Der hl. Alfons de Liguori und der hl. Antonius von Padua Der heilige Alfons de Liguori und der heilige Antonius von Padua wurden vor der vorgeschriebenen Zeit kanonisiert, weil er sich gleichzeitig an zwei verschiedenen Orten gezeigt hat, was für ein Wunder gehalten wurde.


Der heilige Antonius von Padua war in Italien und zu der Zeit, als er predigte, ging sein Vater, der in Lissabon war, eines Mordes beschuldigt zum Richtplatz. In diesem Moment erschien der heilige Antonius, bewies die Unschuld seines Vaters und machte den wahren Verbrecher namhaft, welchen später die Strafe erreichte. Es wurde bewiesen, dass der heilige Antonius zu jener Zeit Spanien nicht verlassen hatte.


Der heilige Alfons wurde von uns gerufen, und über die obigen Tatsachen befragt, und er gab die folgenden Antworten:


1) Kannst du uns die Erklärung dieser Erscheinung geben?
„Ja, wenn der Mensch durch seine Tugend vollkommen von der Materie befreit ist, wenn er seine Seele zu Gott erhoben hat, kann er zugleich an zwei Orten erscheinen. Der einverleibte Geist kann, wenn er es fühlt, dass der Schlaf kommt, Gott bitten, sich an einen Ort fern vom ruhenden Körper zu übertragen. Sein Geist oder seine Seele, wie ihr es nennen wollt, verlässt den Körper, gefolgt von einem Teil seines Perispirits und lässt ihn in einem dem Tod verwandten Zustand, denn es blieb im Körper ein Band, welches Perispirit und Seele an die Materie bindet, und dieses Band kann nicht definiert werden. Der Körper erscheint nun an dem gewünschten Ort. Ich glaube, das ist alles, was ihr wissen wollt.”


2) Dieses gibt uns keine Aufklärung über das Sichtbarwerden und die Fühlbarkeit des Perispirits.
„Wenn der Geist sich von der Materie befreit hat und in höhere Grade der jenseitigen Welt aufrückt, kann er sich der Materie sichtbar machen.”
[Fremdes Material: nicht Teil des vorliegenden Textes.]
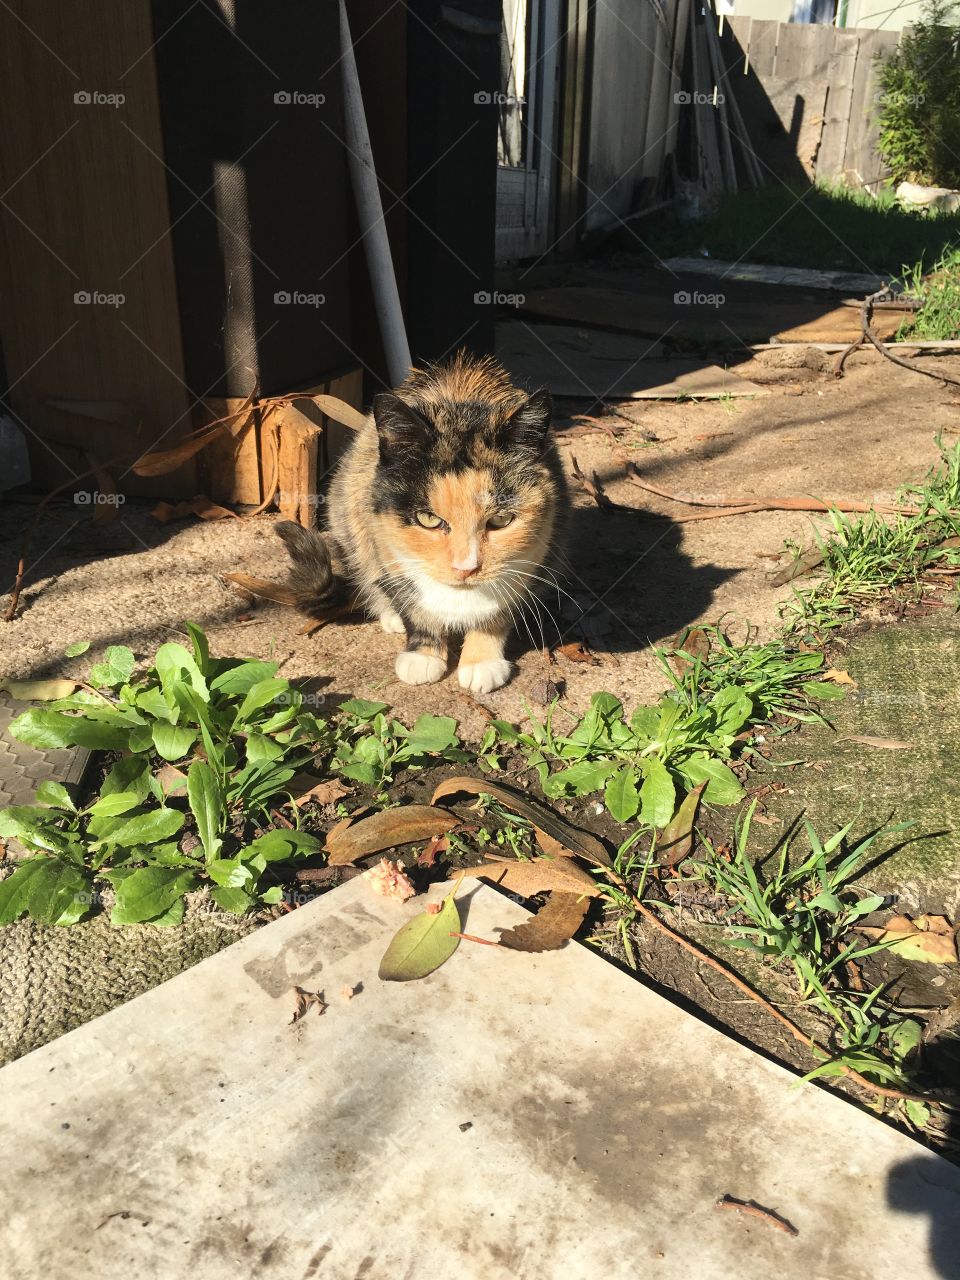 A wild cat in my backyard
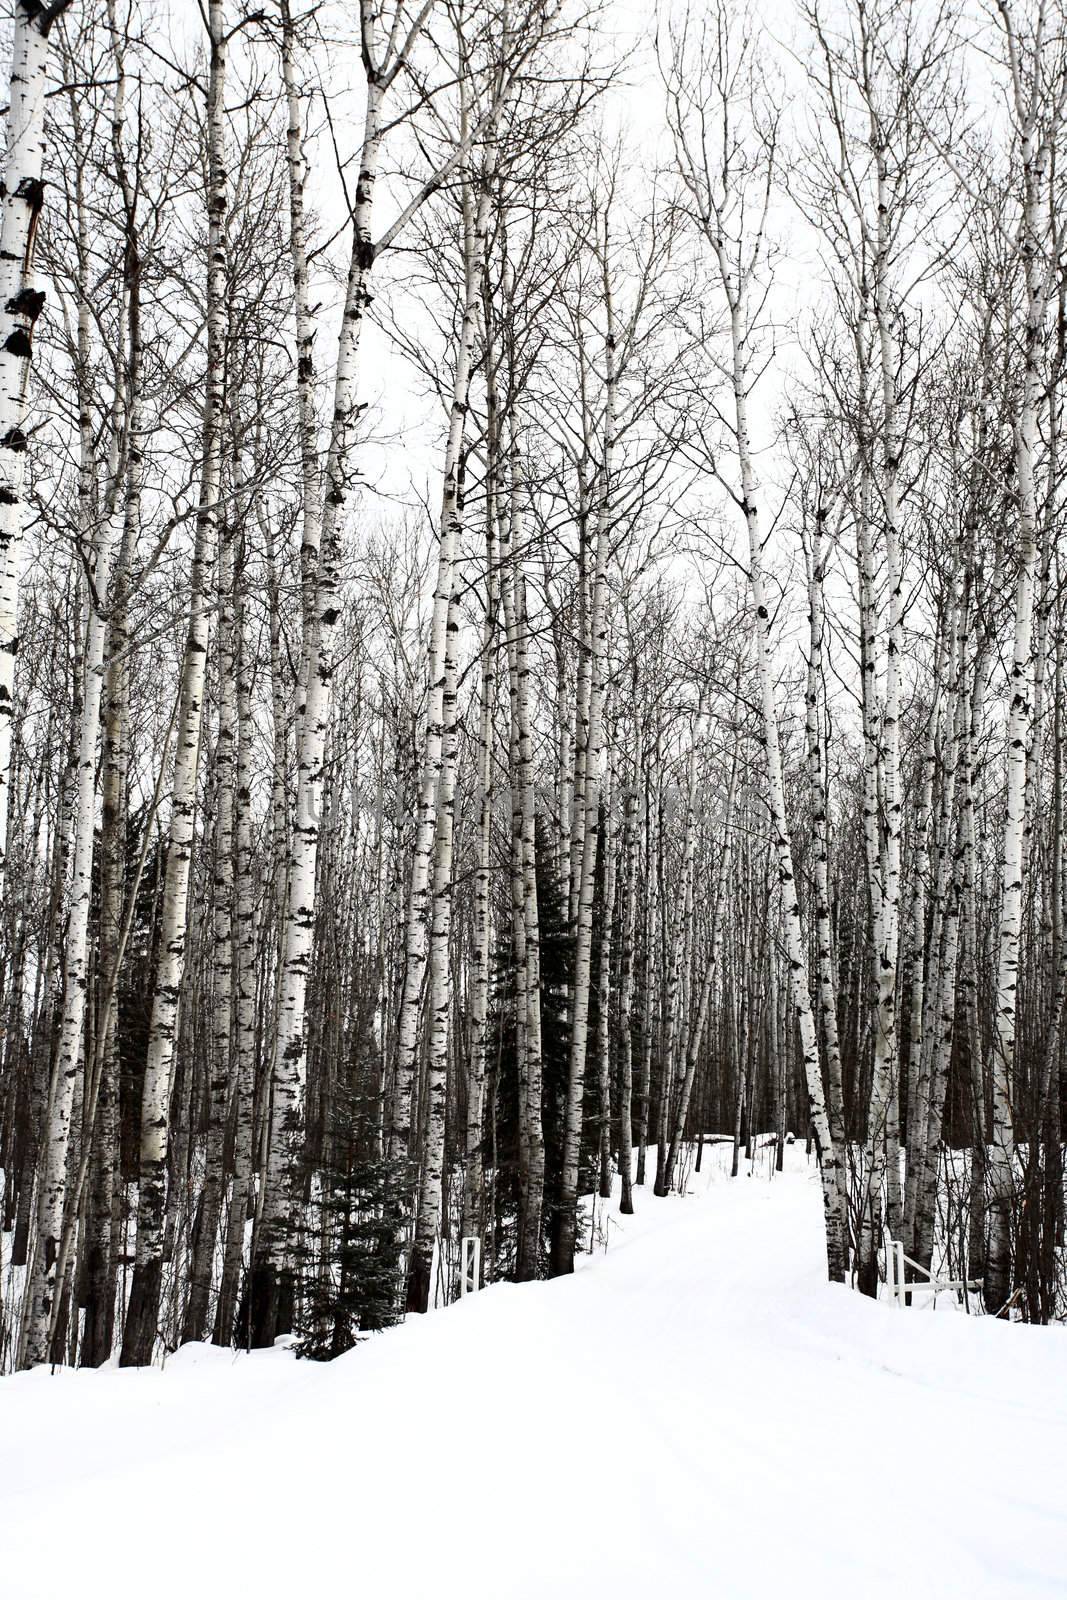 Aspen trees Saskatchewan in Winter by pictureguy

3) Ist der Schlaf des Körpers unerlässlich, damit der Geist an einem anderen Ort erscheint?
„Die Seele kann sich teilen, wenn sie sich an einen anderen Ort getragen fühlt, als wo der Körper sich befindet. Es kann geschehen, dass der Körper nicht schläft, obgleich das sehr selten geschieht, aber dann ist der Körper nie in einem vollkommen normalen Wachzustand, er ist dann immer in einem mehr oder weniger ekstatischen Zustand.”


Anmerkung. Die Seele teilt sich nicht im strengen Sinne des Wortes: sie strahlt nach verschiedenen Seiten, und kann sich auf diese Art an verschiedenen Orten manifestieren, ohne sich zu teilen. Es ist wie bei einem Licht, das sich an mehreren Spiegeln bricht.


4) Was würde mit einem in Schlaf versunkenen Mensch geschehen, wenn er, während sein Geist sich anderwärts beschäftigt, plötzlich geweckt werden würde?
„Das kann nicht geschehen, denn wenn jemand die Absicht hätte, ihn zu wecken, so würde der Geist in den Körper zurückehren und diesem Vorhaben zuvorkommen, da ja der Geist in den Gedanken liest.”


Anmerkung: Eine ganz gleiche Erklärung ist uns durch den Geist verstorbener oder lebender Personen mehrmals gegeben worden. Der heilige Alfons erklärt die Tatsche der doppelten Anwesenheit, aber nicht die Theorie des Sichtbarwerdens und der Fühlbarkeit der Geister.